私は「神秘のベール」で守られているように見えて、実際にはその内側にはなんにもなかった、という残念な事例をたくさん見てきました。でもシステマはそうではありません。そのことを示すには客観的に評価できる方法で、システマの有効性を証明し続けなくてはいけないと考えています。それがシステマを生み出し、私を育ててくれたミカエルへのせめてもの恩返しとなるのではないかと思うのです。」
とか言いながら、別にBJJで世界選手権とったってわけでもないし、そもそも紫帯になったばかりなので、大した結果を出しているわけではない。さらにこの結果を出すために週5回は柔術のジムに行っているから、純粋にシステマの成果とはいえない。柔術のルールやセオリー、技を身体に染み込ませるにはかなりの時間がかかるのだ。だからお世話になっているパトスタジオの中村大輔先生、西林浩平先生、たまに出稽古でお世話になるmewe山崎剛先生、パラエストラ東京中井祐樹先生らのお陰によるところが大である。ただ柔術の練習の中でシステマはずいぶん、僕を助けてくれているのは確かだ。40過ぎて20代の若者と取っ組み合って、大きな怪我もなく続けていられるのも、そもそも週5回も練習できるのも、システマで培われた身体のお陰だと思う。
でも、世間の人はそんな背景なんて見ていない。僕が勝てば「システマの北川さんが柔術の試合で勝った」という評価になる。
すると「システマってすごいんだねえ」となる。
わざわざ試合なんて出なくたって、格闘家にシステマの技が通じたらそれで良いのでは?
という意見もあるだろう。実際に自ら主催する稽古会に来てくれた格闘家に技をかけて、「私の技がプロの格闘家にも通じた」と喧伝する人も少なくない。ただそれらはだいたい相手が技を受けてくれているのである。真摯な格闘家ほど、謙虚だ。だから何かを学ぼうとして、技を「受けてくれる」。柔道であれ柔術であれ、上手い人ほど技の受けもうまい。むやみな抵抗と、有機的な受けの区別がついている。だからむやみに抵抗するよりもちゃんと受けた方が、トクであることを知っている。一方でむやみな抵抗をしてくる人は、その区別がついてない程度のレベルなので、制圧したところでなんの自慢にもならない。だからいずれにしても、実績にはならない。
格闘技の本当の姿を知るには、相手のフィールドに飛び込まなくてはいけないのだ。
システマは元ピーマンズスタンダードの南川さんのお陰で、ぐっと知名度があがった。誤解も増えたという指摘もあるけれども、どんな形であれば知名度が上がったのはとても喜ばしいことだ。
その知名度を活用するかしないかは、私たちインストラクターの次第なんじゃないかと思う。
システマを証明する。それも目に見える形で。数値化できるならさらに良い。
ここで思い起こすのが空手家の故横山和正師範だ。
横山師とは生前、何度かお話をさせていただく機会があった。横山師といえば、「瞬撃手」と呼ばれた目にもとまらぬ速い動きや、ヌンチャクや鎖鎌の卓抜したパフォーマンスで有名だったので、失礼ながらお会いするまでは「パフォーマンスのすごい先生」という程度の認識だった。
物質主義、功利主義のアメリカで空手を広めるうえでの苦労話など、興味深く伺ったのだけど、中でも印象的だったのが、パフォーマンスを行う理由だ。
「沖縄空手の素晴らしさは、普通の人の目に見えない。
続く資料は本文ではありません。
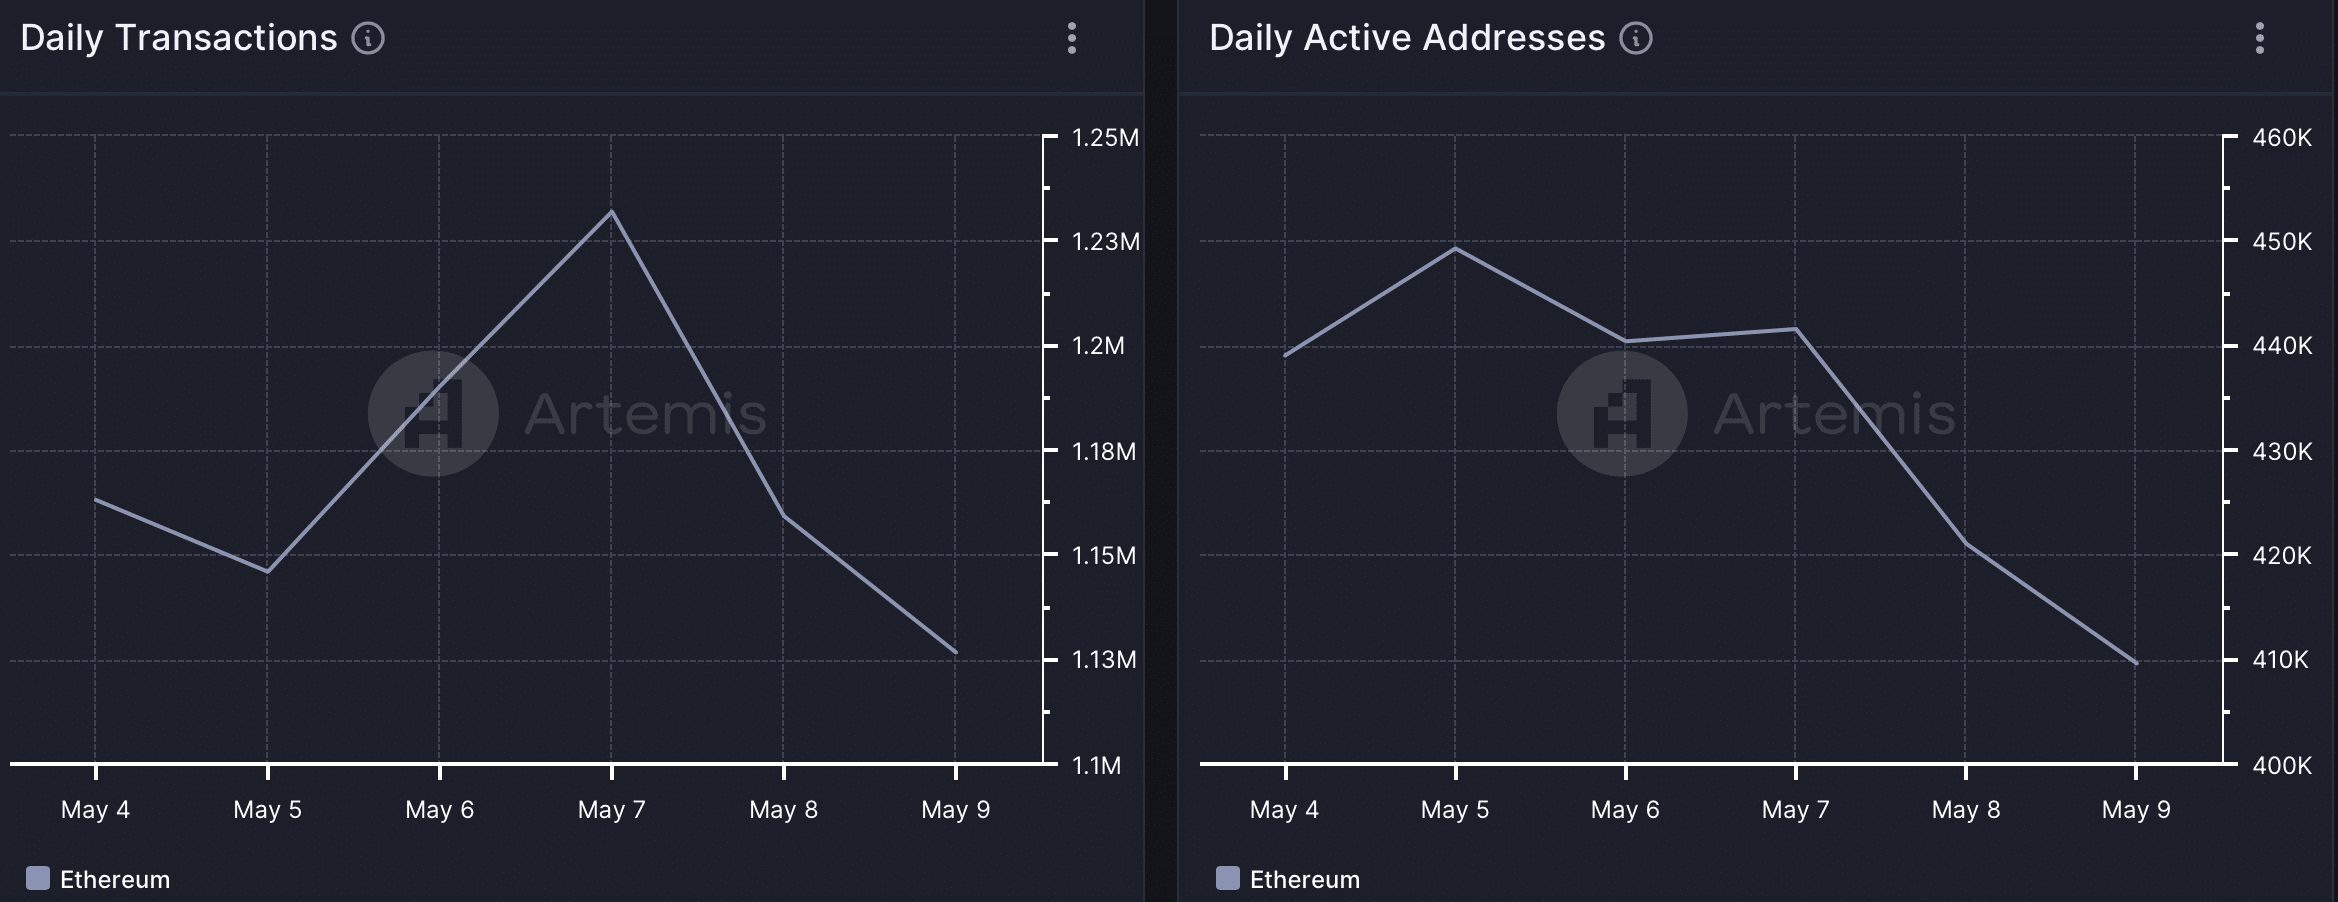 Las direcciones activas de Ethereum disminuyeron

だから沖縄空手の素晴らしさを伝えるには、誰にでも見える形で表現しないといけない。そのために自分は演武する。」
この考え方には、目から鱗が落ちた。
花拳繍腿という言葉があるように、「見栄えのする動き=見掛け倒し」というイメージが強い。でも横山師はあえて、誰にもできない演武をすることで、「何かがそこにあるぞ」と、皆に見せていたのだ。
見えないものをどう表現するのか。というのは、システマに限らず、実力を定量化できない分野で生きる人々全ての課題なのかも知れない。その最たる例が、「優秀なSEのジレンマ」だ。システムは問題が起こらないのが最上である。だからメンテナンスを担うSEが優秀であるほど、システムエラーが起こらない。全て未然に防がれてしまうため何も問題が起こることはなく、平穏な日々が過ぎていく。
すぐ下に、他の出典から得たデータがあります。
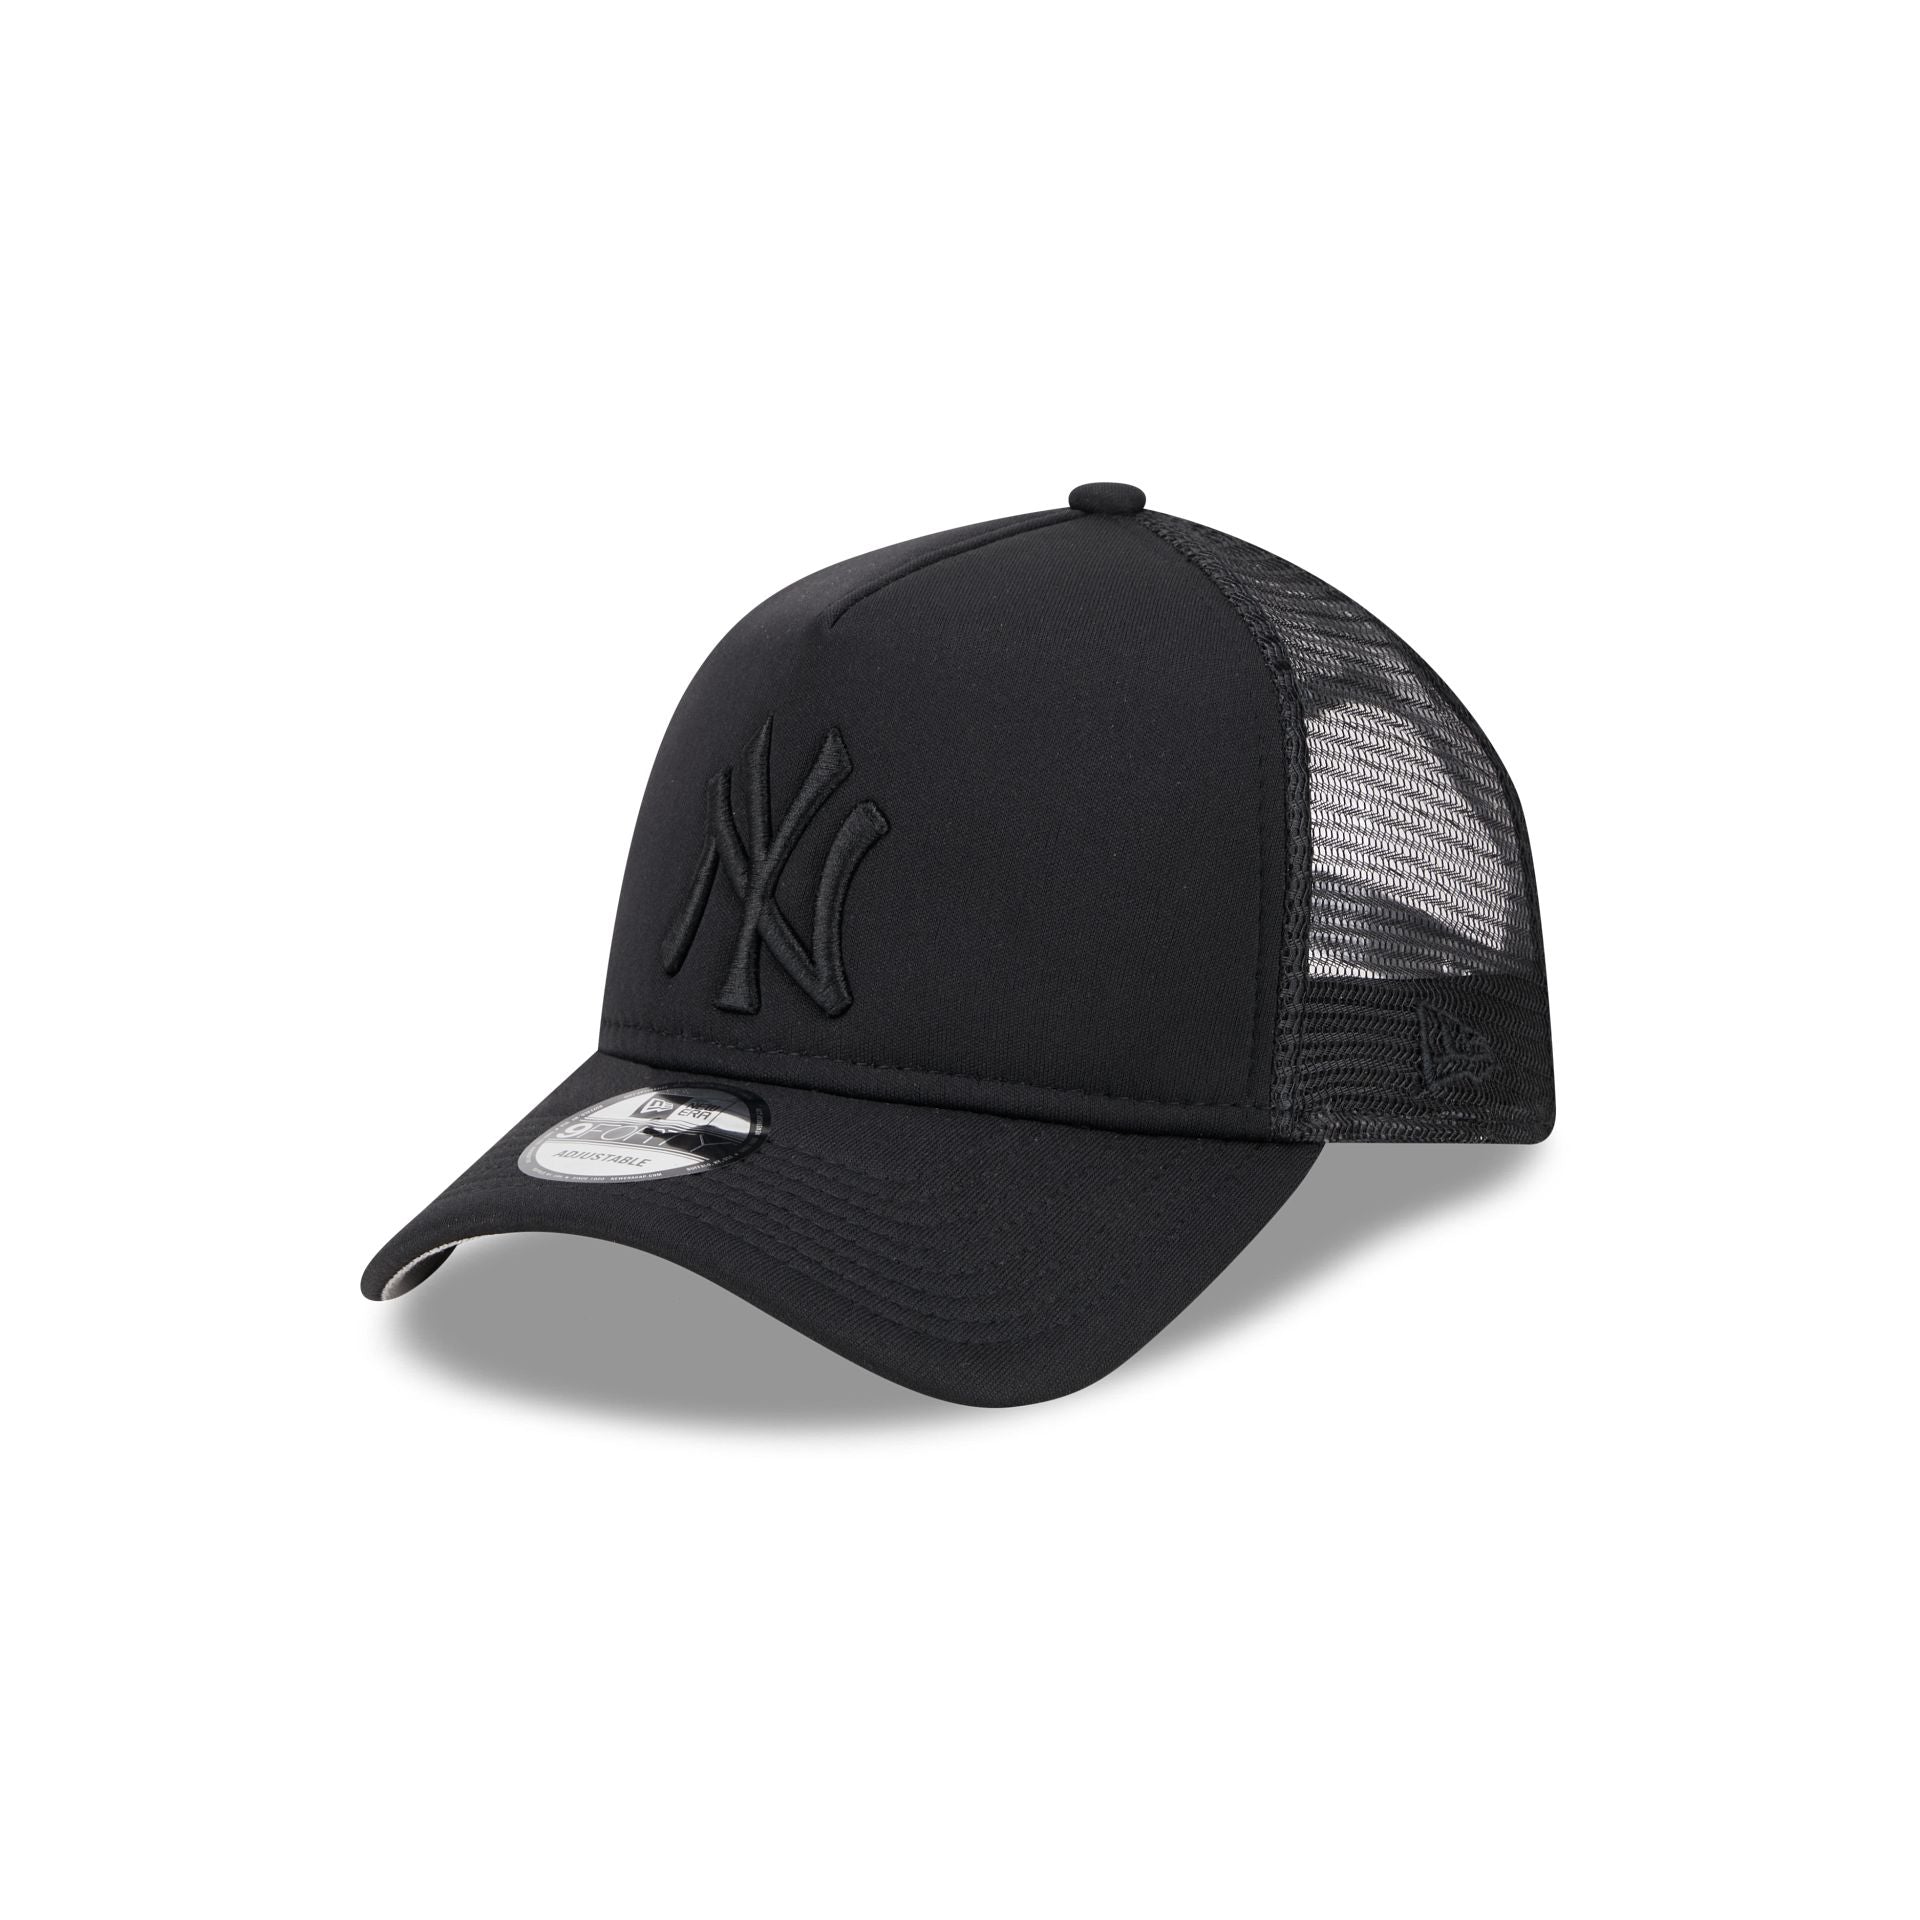 Velvet Black/Black A-frame Trucker - Equip cap

すると傍からは、まるで仕事をしていないかのように見えてしまう。「うちのシステムはめったにエラーが起こらないんだから、保守担当のSEなんていらなくね?」と、クビになってしまうのである。すると途端にエラーが頻発し、まともな業務ができなくなる。慌てて呼び戻そうとしても後の祭り。「あんなわからんちんの職場に戻ってたまるか」とへそを曲げているか、他の企業にずっと高待遇で再就職したりしているかだ。
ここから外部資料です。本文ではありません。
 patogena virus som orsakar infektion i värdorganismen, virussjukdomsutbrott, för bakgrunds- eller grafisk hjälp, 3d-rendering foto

このSEはどちらかと言えば極端な例だといえる。他にも数値化しにくい分野は数多くあるだろう。会社員なら給料が上がらないとか、出世できないとか、そういう問題が起こるし、横山師なら、沖縄空手の素晴らしさを伝えられないということになる。
我々システマーならどうか。
システマには試合がない。試合があると、えてして「試合に勝つための技術」ばかりが発達し、それ以外のものはどんどん廃れていく。そしてルールによる縛りが強くなるほど、リーチが長く体重の多い者が有利になる。また身体の構造よりもルールに合わせた身体の使い方になるから、身体を壊す。またエゴや闘争心を駆り立て、人としての正常なメンタリティから外れてしまうということもある。そういう競技化のデメリットは、今更いうまでもなくこれまで多くの人が指摘してきたとおりだ。だからシステマには試合がない。
ただ、「試合がない」ことも別に良いことばかりではない。試合がないなら無いなりのデメリットも同じくらいある。最たるものは、目に見えない年功序列やヒエラルキーができてしまうこと。特に練習してないのに古株というだけで幅を利かせる人が出てきたり、慢心しても鼻をへし折られる機会がなかったりすることだ。試合やスパーリングがあれば、慢心するばかりで実力の伴わない先輩はボコボコにされてしまうだけだ。でも試合がないと、それができない。そのため増長し放題、慢心し放題なのである。日本型企業が停滞するのも、これと無関係ではないだろう。
システマは守備範囲が広範なので、実力を評価することはできない。マーシャルアーツはからきしでも、システマを学ぶことで治療がうまくなったり、ピアノがうまくなったり、それまで寝たきりだった人が立ち上がったりするのだ。彼らを十把一絡げに同列にして語ることはできない。